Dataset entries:
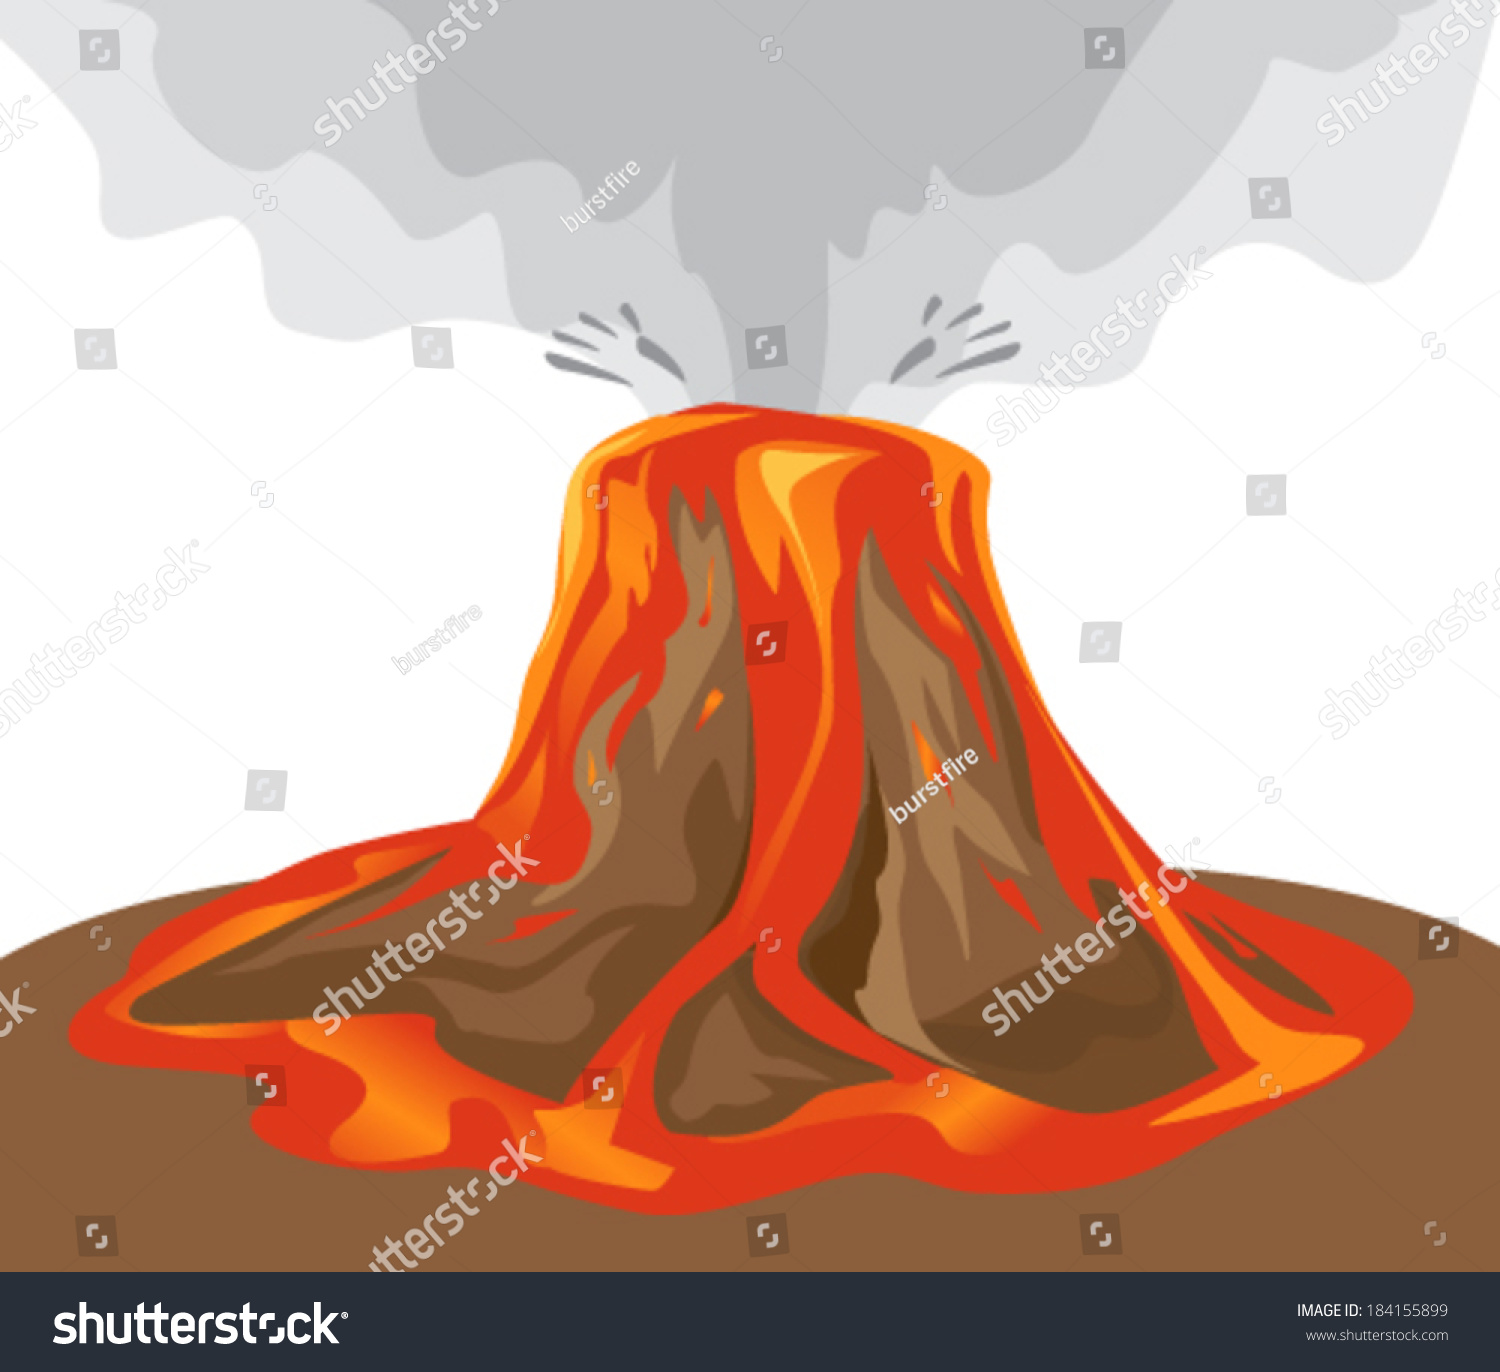 Vector Volcano Illustration Stock Vector 184155899 - Shutterstock
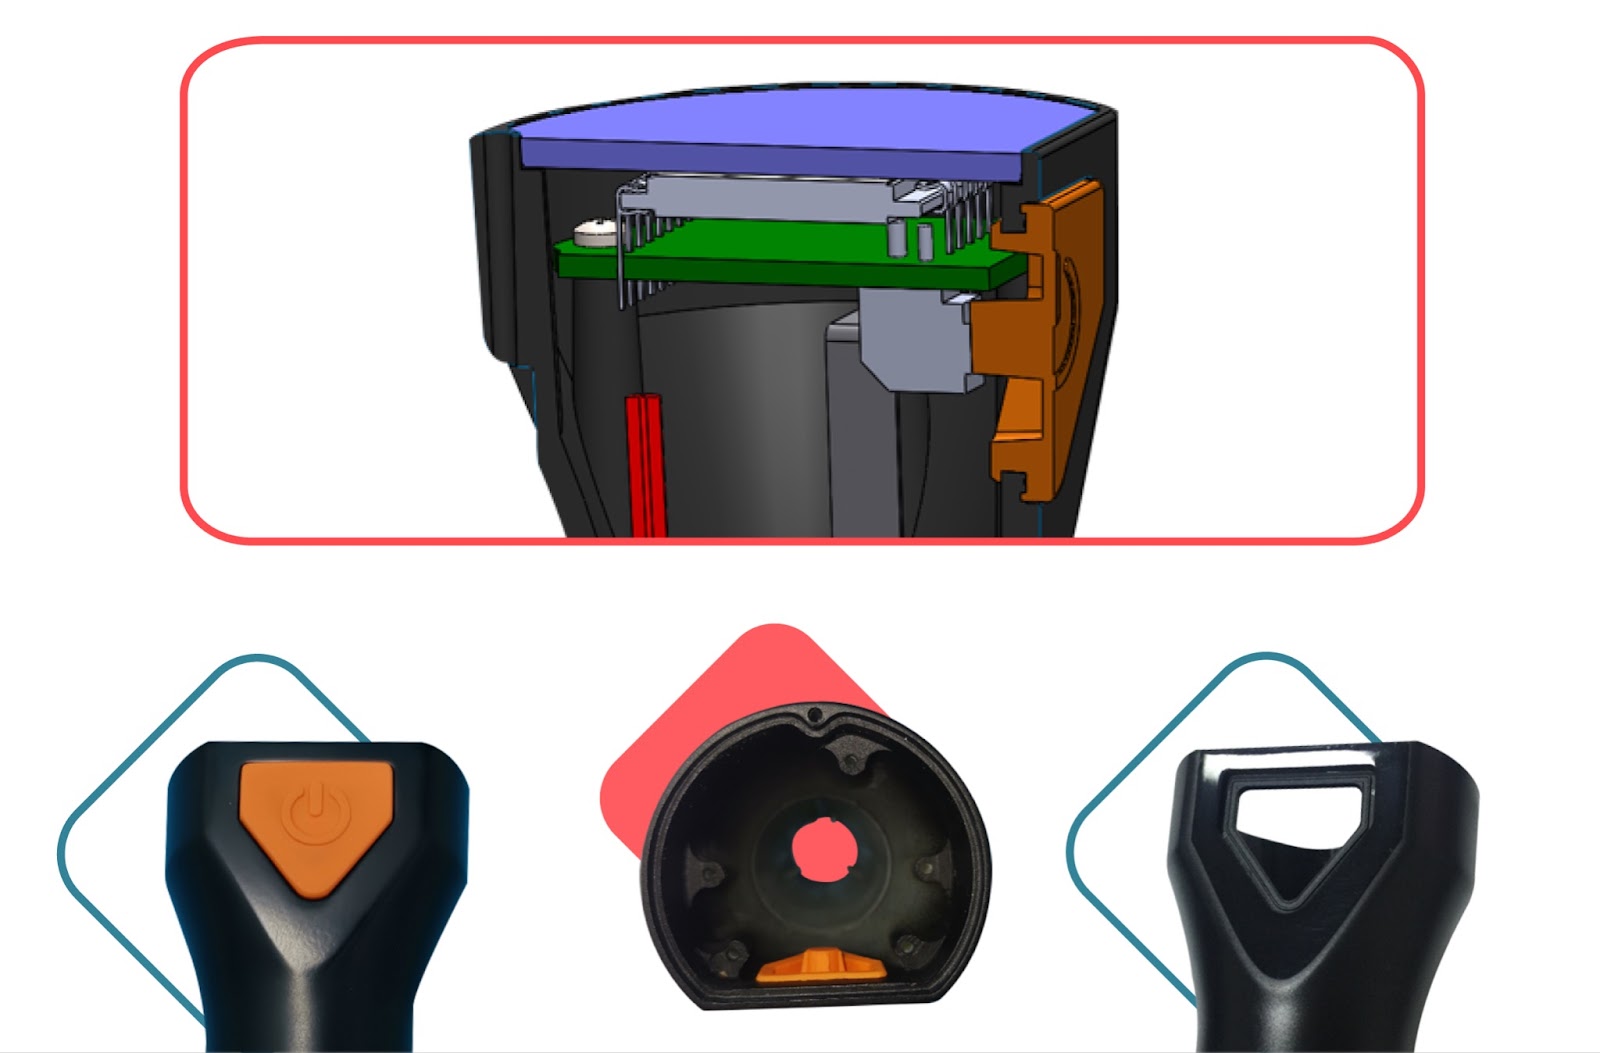 Компоненты корпуса глубиномера на разных этапах разработки и прототипирования
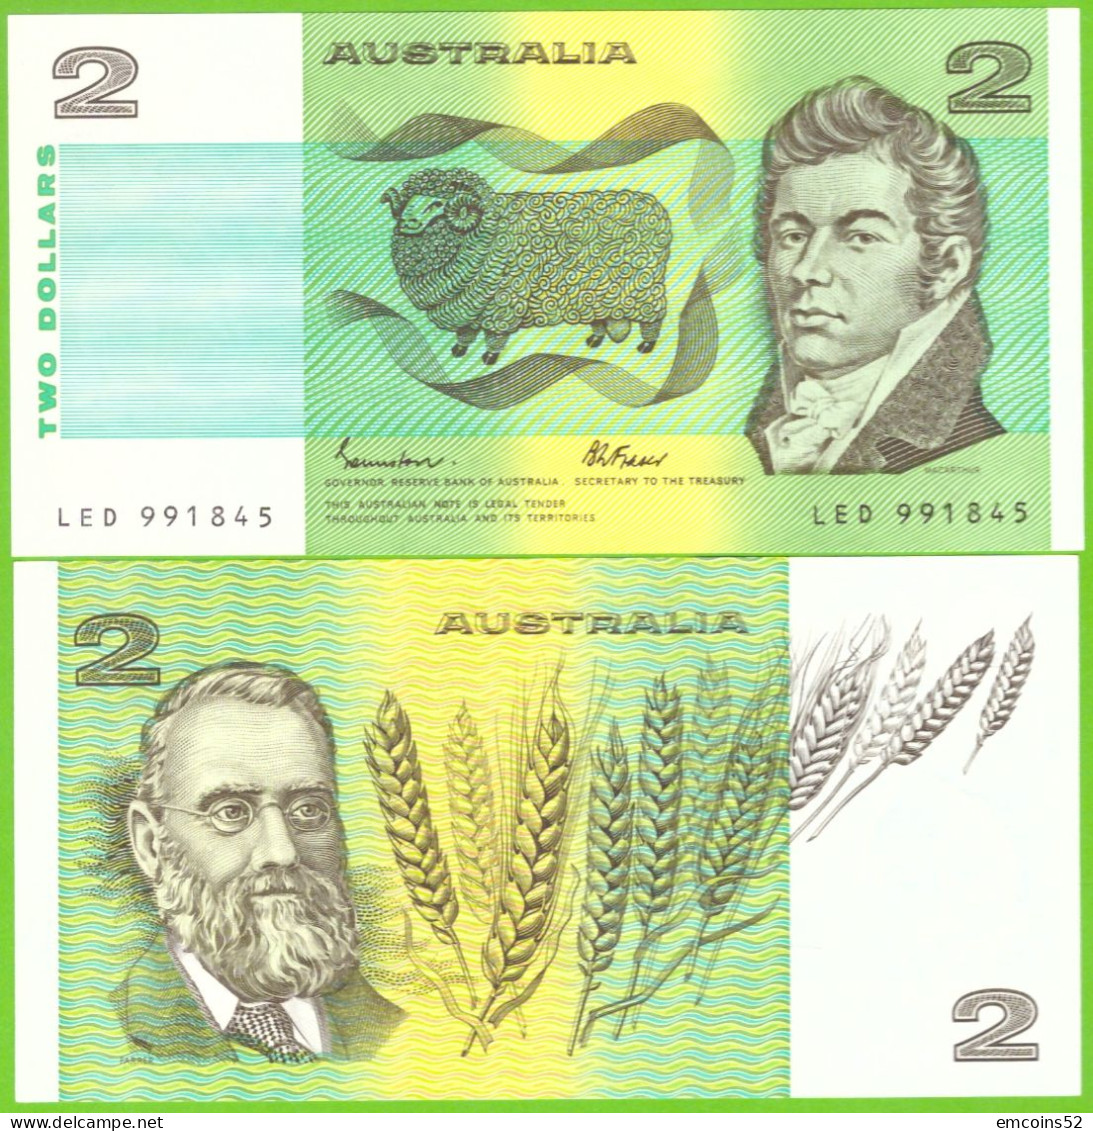 AUSTRALIA 2 DOLLARS 1985 P-43e UNC - 1974-94 Australia Reserve Bank (Banknoten Aus Papier)
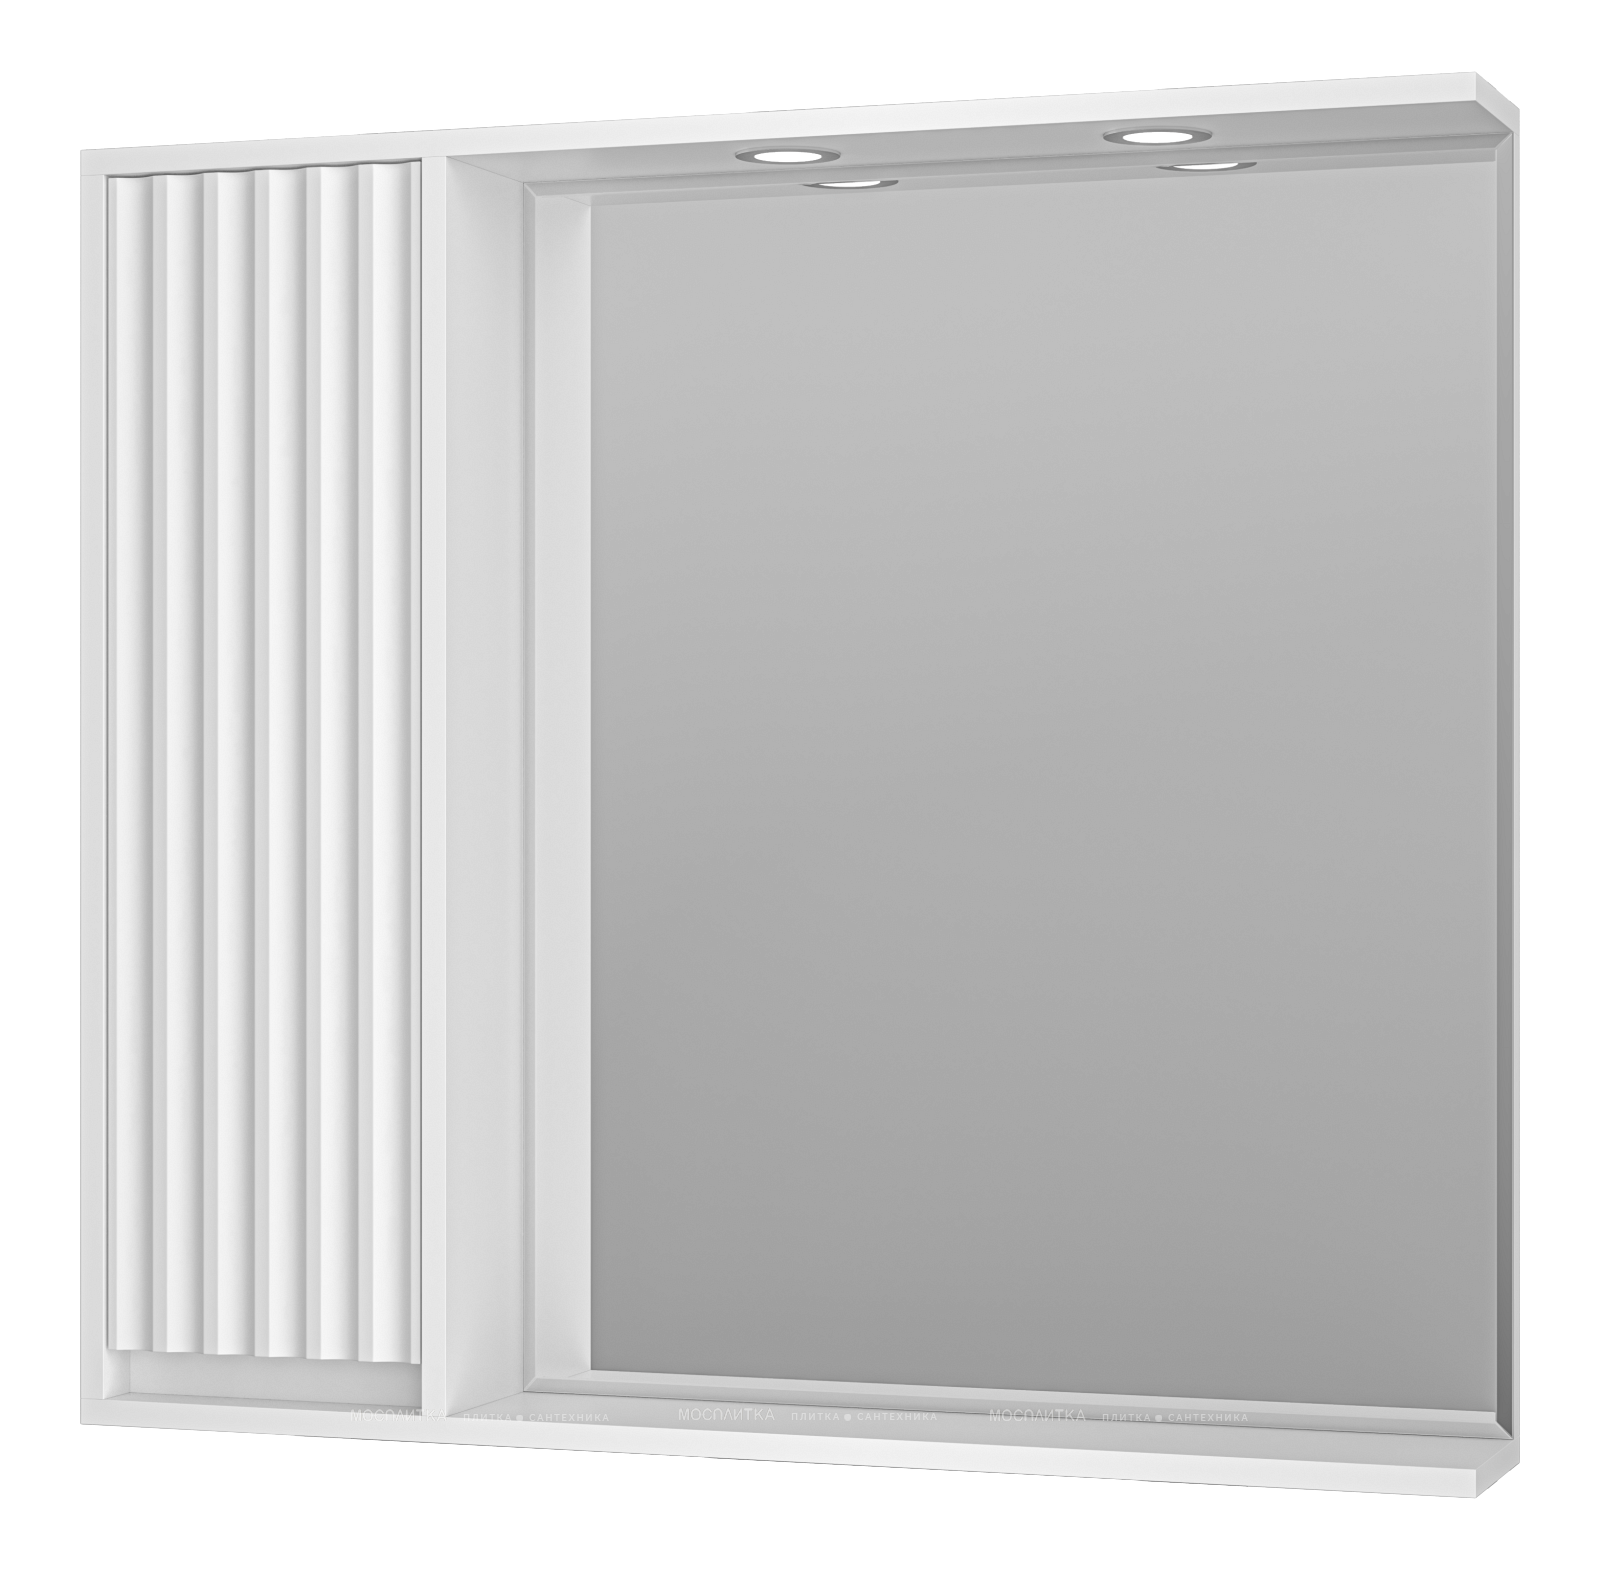 Зеркальный шкаф Brevita Balaton 90 см BAL-04090-01-Л левый, с подсветкой, белый - изображение 2
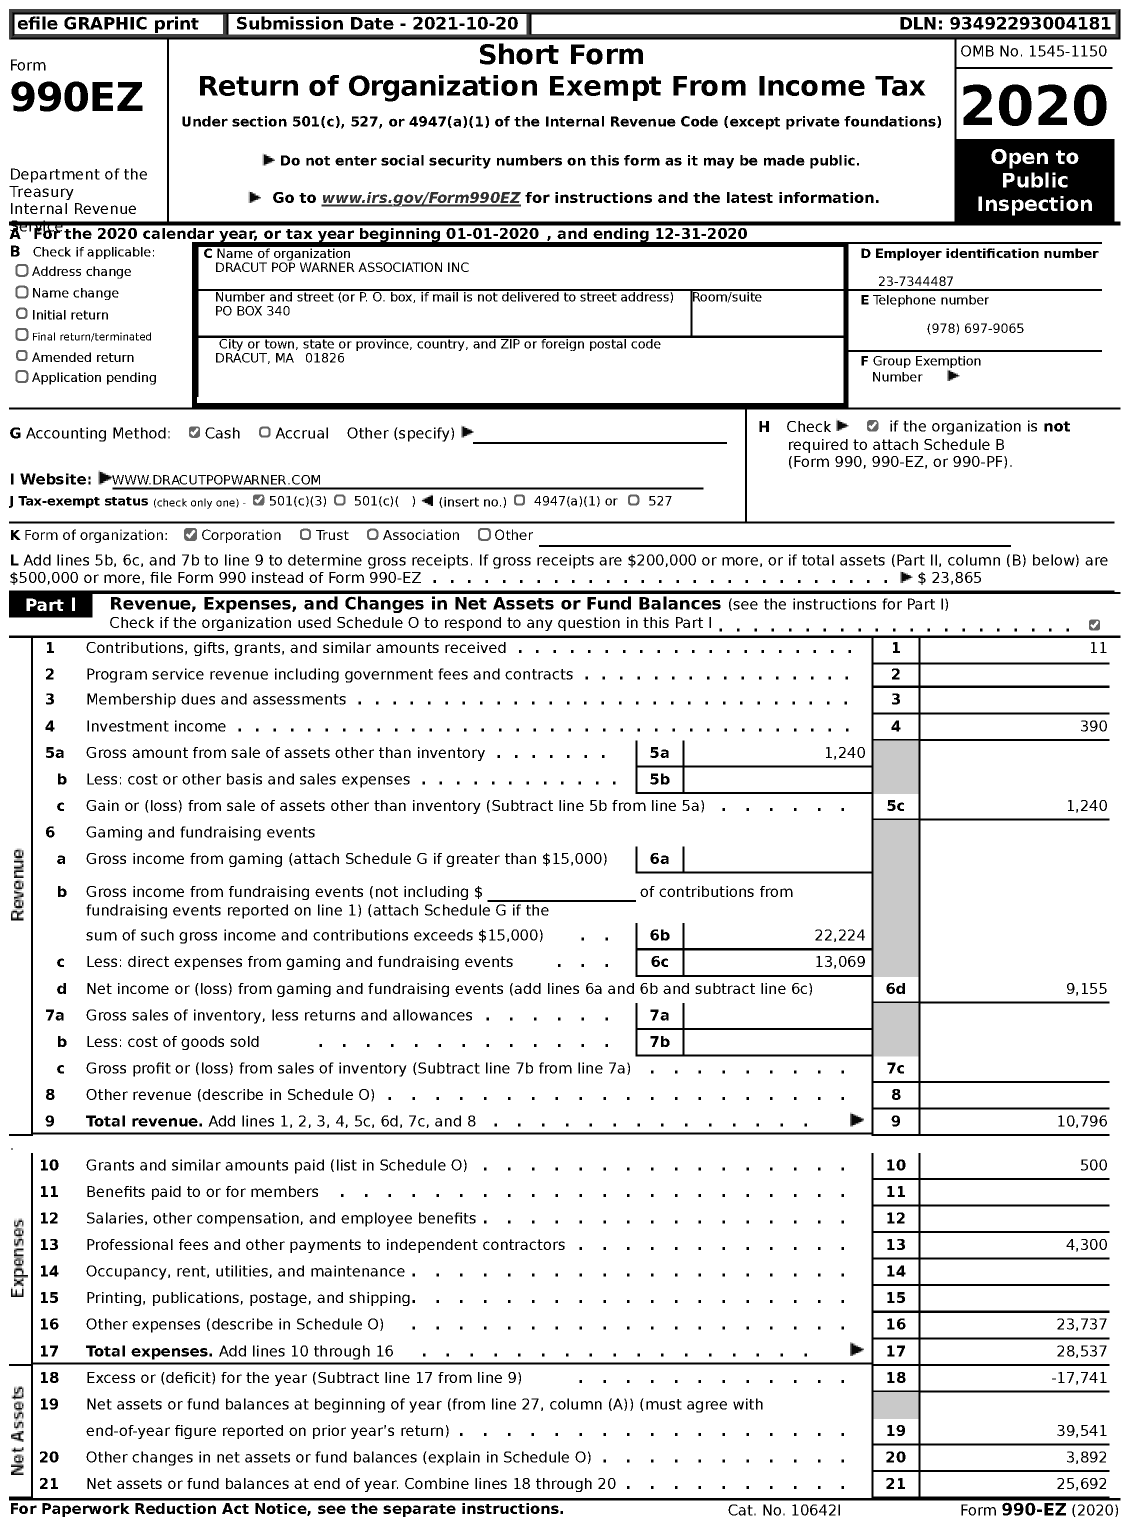 Image of first page of 2020 Form 990EZ for Dracut Pop Warner Association

▶ Task details:
Each entry above must come back exactly as written. Drop the images.

▶ Exercise response:
 Vector Volcano Illustration Stock Vector 184155899 - Shutterstock
 Компоненты корпуса глубиномера на разных этапах разработки и прототипирования
 AUSTRALIA 2 DOLLARS 1985 P-43e UNC - 1974-94 Australia Reserve Bank (Banknoten Aus Papier)
 Зеркальный шкаф Brevita Balaton 90 см BAL-04090-01-Л левый, с подсветкой, белый - изображение 2
 Image of first page of 2020 Form 990EZ for Dracut Pop Warner Association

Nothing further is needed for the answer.